● SOURCE MATERIAL:
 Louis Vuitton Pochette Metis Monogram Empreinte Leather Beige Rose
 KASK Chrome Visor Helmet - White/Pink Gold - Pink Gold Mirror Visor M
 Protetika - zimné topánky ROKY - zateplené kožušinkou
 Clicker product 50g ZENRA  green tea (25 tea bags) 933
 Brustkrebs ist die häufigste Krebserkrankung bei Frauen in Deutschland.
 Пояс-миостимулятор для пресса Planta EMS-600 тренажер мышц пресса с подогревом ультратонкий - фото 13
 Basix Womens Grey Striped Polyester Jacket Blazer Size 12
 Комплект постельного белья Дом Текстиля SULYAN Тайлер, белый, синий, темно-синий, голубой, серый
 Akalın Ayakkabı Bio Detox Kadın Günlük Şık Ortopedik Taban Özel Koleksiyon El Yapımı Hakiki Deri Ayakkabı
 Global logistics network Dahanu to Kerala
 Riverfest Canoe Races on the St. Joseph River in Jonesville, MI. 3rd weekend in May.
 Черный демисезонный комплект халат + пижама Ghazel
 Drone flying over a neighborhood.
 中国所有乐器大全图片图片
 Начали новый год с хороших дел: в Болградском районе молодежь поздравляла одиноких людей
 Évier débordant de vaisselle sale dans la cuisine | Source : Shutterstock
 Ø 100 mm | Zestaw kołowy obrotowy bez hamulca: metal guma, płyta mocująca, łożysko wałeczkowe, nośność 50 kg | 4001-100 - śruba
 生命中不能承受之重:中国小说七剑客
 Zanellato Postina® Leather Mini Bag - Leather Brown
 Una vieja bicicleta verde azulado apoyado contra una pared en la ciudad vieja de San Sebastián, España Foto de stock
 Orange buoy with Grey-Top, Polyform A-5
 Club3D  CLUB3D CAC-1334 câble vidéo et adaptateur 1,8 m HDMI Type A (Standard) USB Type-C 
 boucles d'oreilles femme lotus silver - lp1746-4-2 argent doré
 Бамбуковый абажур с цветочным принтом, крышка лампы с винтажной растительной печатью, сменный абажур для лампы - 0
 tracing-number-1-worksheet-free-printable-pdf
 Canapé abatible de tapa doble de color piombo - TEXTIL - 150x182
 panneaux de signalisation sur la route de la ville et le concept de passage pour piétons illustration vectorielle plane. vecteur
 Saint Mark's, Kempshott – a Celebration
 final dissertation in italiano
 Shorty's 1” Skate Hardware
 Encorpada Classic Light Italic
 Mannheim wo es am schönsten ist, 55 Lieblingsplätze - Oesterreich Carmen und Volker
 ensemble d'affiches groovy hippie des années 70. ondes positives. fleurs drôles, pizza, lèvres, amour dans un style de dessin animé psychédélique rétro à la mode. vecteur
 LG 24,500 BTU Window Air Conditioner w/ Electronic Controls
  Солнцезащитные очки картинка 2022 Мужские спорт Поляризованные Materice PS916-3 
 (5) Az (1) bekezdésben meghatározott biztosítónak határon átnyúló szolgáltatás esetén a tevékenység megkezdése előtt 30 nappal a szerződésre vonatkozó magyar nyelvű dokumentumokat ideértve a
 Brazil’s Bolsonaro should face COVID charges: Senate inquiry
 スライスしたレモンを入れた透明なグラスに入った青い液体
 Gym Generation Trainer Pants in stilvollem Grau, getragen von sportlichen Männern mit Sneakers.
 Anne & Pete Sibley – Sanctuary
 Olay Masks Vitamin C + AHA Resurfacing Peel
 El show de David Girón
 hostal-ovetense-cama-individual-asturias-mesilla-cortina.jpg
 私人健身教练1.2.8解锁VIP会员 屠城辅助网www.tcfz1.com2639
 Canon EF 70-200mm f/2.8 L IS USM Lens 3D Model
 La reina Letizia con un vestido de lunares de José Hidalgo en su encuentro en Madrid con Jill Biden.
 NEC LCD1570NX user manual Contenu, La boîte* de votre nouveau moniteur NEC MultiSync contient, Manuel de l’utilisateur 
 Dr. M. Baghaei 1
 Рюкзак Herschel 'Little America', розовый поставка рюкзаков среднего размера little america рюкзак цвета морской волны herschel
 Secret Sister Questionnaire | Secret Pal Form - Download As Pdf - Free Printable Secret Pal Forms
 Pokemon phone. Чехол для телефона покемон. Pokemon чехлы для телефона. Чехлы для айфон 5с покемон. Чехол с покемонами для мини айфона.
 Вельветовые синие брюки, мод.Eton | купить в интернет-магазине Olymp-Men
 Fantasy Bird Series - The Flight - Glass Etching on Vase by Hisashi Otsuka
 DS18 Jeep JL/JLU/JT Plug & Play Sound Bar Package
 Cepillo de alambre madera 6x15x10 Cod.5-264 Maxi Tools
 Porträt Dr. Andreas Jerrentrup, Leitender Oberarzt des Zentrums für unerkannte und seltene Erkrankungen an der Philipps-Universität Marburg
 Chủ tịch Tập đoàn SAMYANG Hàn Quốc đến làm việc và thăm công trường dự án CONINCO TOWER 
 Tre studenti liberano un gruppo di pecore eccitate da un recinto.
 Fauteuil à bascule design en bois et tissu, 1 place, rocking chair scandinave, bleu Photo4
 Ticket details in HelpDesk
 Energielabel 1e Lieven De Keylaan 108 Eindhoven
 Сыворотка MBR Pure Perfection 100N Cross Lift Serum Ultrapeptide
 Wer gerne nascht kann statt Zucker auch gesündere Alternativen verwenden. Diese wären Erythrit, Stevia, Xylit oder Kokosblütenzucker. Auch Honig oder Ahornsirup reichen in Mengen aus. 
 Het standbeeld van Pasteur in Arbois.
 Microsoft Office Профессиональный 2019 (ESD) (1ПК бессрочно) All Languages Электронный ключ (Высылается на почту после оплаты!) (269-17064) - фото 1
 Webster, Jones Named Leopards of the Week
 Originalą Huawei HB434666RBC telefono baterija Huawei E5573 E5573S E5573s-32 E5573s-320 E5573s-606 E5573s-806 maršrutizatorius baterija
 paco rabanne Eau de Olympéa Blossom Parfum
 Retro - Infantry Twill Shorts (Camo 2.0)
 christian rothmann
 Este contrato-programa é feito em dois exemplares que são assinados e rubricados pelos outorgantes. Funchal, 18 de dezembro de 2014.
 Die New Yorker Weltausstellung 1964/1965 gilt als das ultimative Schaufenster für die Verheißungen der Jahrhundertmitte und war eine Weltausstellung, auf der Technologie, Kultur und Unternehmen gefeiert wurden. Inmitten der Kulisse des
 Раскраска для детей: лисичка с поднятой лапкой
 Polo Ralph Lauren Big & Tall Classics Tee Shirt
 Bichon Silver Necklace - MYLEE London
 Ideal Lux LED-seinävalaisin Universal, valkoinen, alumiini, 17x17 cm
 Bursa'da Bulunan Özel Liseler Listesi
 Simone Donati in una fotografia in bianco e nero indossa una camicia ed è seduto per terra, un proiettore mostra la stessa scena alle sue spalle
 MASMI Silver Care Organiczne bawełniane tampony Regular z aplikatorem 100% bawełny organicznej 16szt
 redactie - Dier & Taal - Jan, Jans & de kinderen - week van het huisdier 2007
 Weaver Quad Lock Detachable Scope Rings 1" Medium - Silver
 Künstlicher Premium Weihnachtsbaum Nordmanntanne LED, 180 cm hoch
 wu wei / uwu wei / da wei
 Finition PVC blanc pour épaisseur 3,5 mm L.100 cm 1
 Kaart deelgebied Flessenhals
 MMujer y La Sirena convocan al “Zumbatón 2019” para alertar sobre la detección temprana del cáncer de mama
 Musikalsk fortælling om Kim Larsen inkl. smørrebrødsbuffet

● REQUIRED ACTION: Retype each entry without altering a single word.

● RESPONSE AREA:
 Louis Vuitton Pochette Metis Monogram Empreinte Leather Beige Rose
 KASK Chrome Visor Helmet - White/Pink Gold - Pink Gold Mirror Visor M
 Protetika - zimné topánky ROKY - zateplené kožušinkou
 Clicker product 50g ZENRA  green tea (25 tea bags) 933
 Brustkrebs ist die häufigste Krebserkrankung bei Frauen in Deutschland.
 Пояс-миостимулятор для пресса Planta EMS-600 тренажер мышц пресса с подогревом ультратонкий - фото 13
 Basix Womens Grey Striped Polyester Jacket Blazer Size 12
 Комплект постельного белья Дом Текстиля SULYAN Тайлер, белый, синий, темно-синий, голубой, серый
 Akalın Ayakkabı Bio Detox Kadın Günlük Şık Ortopedik Taban Özel Koleksiyon El Yapımı Hakiki Deri Ayakkabı
 Global logistics network Dahanu to Kerala
 Riverfest Canoe Races on the St. Joseph River in Jonesville, MI. 3rd weekend in May.
 Черный демисезонный комплект халат + пижама Ghazel
 Drone flying over a neighborhood.
 中国所有乐器大全图片图片
 Начали новый год с хороших дел: в Болградском районе молодежь поздравляла одиноких людей
 Évier débordant de vaisselle sale dans la cuisine | Source : Shutterstock
 Ø 100 mm | Zestaw kołowy obrotowy bez hamulca: metal guma, płyta mocująca, łożysko wałeczkowe, nośność 50 kg | 4001-100 - śruba
 生命中不能承受之重:中国小说七剑客
 Zanellato Postina® Leather Mini Bag - Leather Brown
 Una vieja bicicleta verde azulado apoyado contra una pared en la ciudad vieja de San Sebastián, España Foto de stock
 Orange buoy with Grey-Top, Polyform A-5
 Club3D  CLUB3D CAC-1334 câble vidéo et adaptateur 1,8 m HDMI Type A (Standard) USB Type-C 
 boucles d'oreilles femme lotus silver - lp1746-4-2 argent doré
 Бамбуковый абажур с цветочным принтом, крышка лампы с винтажной растительной печатью, сменный абажур для лампы - 0
 tracing-number-1-worksheet-free-printable-pdf
 Canapé abatible de tapa doble de color piombo - TEXTIL - 150x182
 panneaux de signalisation sur la route de la ville et le concept de passage pour piétons illustration vectorielle plane. vecteur
 Saint Mark's, Kempshott – a Celebration
 final dissertation in italiano
 Shorty's 1” Skate Hardware
 Encorpada Classic Light Italic
 Mannheim wo es am schönsten ist, 55 Lieblingsplätze - Oesterreich Carmen und Volker
 ensemble d'affiches groovy hippie des années 70. ondes positives. fleurs drôles, pizza, lèvres, amour dans un style de dessin animé psychédélique rétro à la mode. vecteur
 LG 24,500 BTU Window Air Conditioner w/ Electronic Controls
  Солнцезащитные очки картинка 2022 Мужские спорт Поляризованные Materice PS916-3 
 (5) Az (1) bekezdésben meghatározott biztosítónak határon átnyúló szolgáltatás esetén a tevékenység megkezdése előtt 30 nappal a szerződésre vonatkozó magyar nyelvű dokumentumokat ideértve a
 Brazil’s Bolsonaro should face COVID charges: Senate inquiry
 スライスしたレモンを入れた透明なグラスに入った青い液体
 Gym Generation Trainer Pants in stilvollem Grau, getragen von sportlichen Männern mit Sneakers.
 Anne & Pete Sibley – Sanctuary
 Olay Masks Vitamin C + AHA Resurfacing Peel
 El show de David Girón
 hostal-ovetense-cama-individual-asturias-mesilla-cortina.jpg
 私人健身教练1.2.8解锁VIP会员 屠城辅助网www.tcfz1.com2639
 Canon EF 70-200mm f/2.8 L IS USM Lens 3D Model
 La reina Letizia con un vestido de lunares de José Hidalgo en su encuentro en Madrid con Jill Biden.
 NEC LCD1570NX user manual Contenu, La boîte* de votre nouveau moniteur NEC MultiSync contient, Manuel de l’utilisateur 
 Dr. M. Baghaei 1
 Рюкзак Herschel 'Little America', розовый поставка рюкзаков среднего размера little america рюкзак цвета морской волны herschel
 Secret Sister Questionnaire | Secret Pal Form - Download As Pdf - Free Printable Secret Pal Forms
 Pokemon phone. Чехол для телефона покемон. Pokemon чехлы для телефона. Чехлы для айфон 5с покемон. Чехол с покемонами для мини айфона.
 Вельветовые синие брюки, мод.Eton | купить в интернет-магазине Olymp-Men
 Fantasy Bird Series - The Flight - Glass Etching on Vase by Hisashi Otsuka
 DS18 Jeep JL/JLU/JT Plug & Play Sound Bar Package
 Cepillo de alambre madera 6x15x10 Cod.5-264 Maxi Tools
 Porträt Dr. Andreas Jerrentrup, Leitender Oberarzt des Zentrums für unerkannte und seltene Erkrankungen an der Philipps-Universität Marburg
 Chủ tịch Tập đoàn SAMYANG Hàn Quốc đến làm việc và thăm công trường dự án CONINCO TOWER 
 Tre studenti liberano un gruppo di pecore eccitate da un recinto.
 Fauteuil à bascule design en bois et tissu, 1 place, rocking chair scandinave, bleu Photo4
 Ticket details in HelpDesk
 Energielabel 1e Lieven De Keylaan 108 Eindhoven
 Сыворотка MBR Pure Perfection 100N Cross Lift Serum Ultrapeptide
 Wer gerne nascht kann statt Zucker auch gesündere Alternativen verwenden. Diese wären Erythrit, Stevia, Xylit oder Kokosblütenzucker. Auch Honig oder Ahornsirup reichen in Mengen aus. 
 Het standbeeld van Pasteur in Arbois.
 Microsoft Office Профессиональный 2019 (ESD) (1ПК бессрочно) All Languages Электронный ключ (Высылается на почту после оплаты!) (269-17064) - фото 1
 Webster, Jones Named Leopards of the Week
 Originalą Huawei HB434666RBC telefono baterija Huawei E5573 E5573S E5573s-32 E5573s-320 E5573s-606 E5573s-806 maršrutizatorius baterija
 paco rabanne Eau de Olympéa Blossom Parfum
 Retro - Infantry Twill Shorts (Camo 2.0)
 christian rothmann
 Este contrato-programa é feito em dois exemplares que são assinados e rubricados pelos outorgantes. Funchal, 18 de dezembro de 2014.
 Die New Yorker Weltausstellung 1964/1965 gilt als das ultimative Schaufenster für die Verheißungen der Jahrhundertmitte und war eine Weltausstellung, auf der Technologie, Kultur und Unternehmen gefeiert wurden. Inmitten der Kulisse des
 Раскраска для детей: лисичка с поднятой лапкой
 Polo Ralph Lauren Big & Tall Classics Tee Shirt
 Bichon Silver Necklace - MYLEE London
 Ideal Lux LED-seinävalaisin Universal, valkoinen, alumiini, 17x17 cm
 Bursa'da Bulunan Özel Liseler Listesi
 Simone Donati in una fotografia in bianco e nero indossa una camicia ed è seduto per terra, un proiettore mostra la stessa scena alle sue spalle
 MASMI Silver Care Organiczne bawełniane tampony Regular z aplikatorem 100% bawełny organicznej 16szt
 redactie - Dier & Taal - Jan, Jans & de kinderen - week van het huisdier 2007
 Weaver Quad Lock Detachable Scope Rings 1" Medium - Silver
 Künstlicher Premium Weihnachtsbaum Nordmanntanne LED, 180 cm hoch
 wu wei / uwu wei / da wei
 Finition PVC blanc pour épaisseur 3,5 mm L.100 cm 1
 Kaart deelgebied Flessenhals
 MMujer y La Sirena convocan al “Zumbatón 2019” para alertar sobre la detección temprana del cáncer de mama
 Musikalsk fortælling om Kim Larsen inkl. smørrebrødsbuffet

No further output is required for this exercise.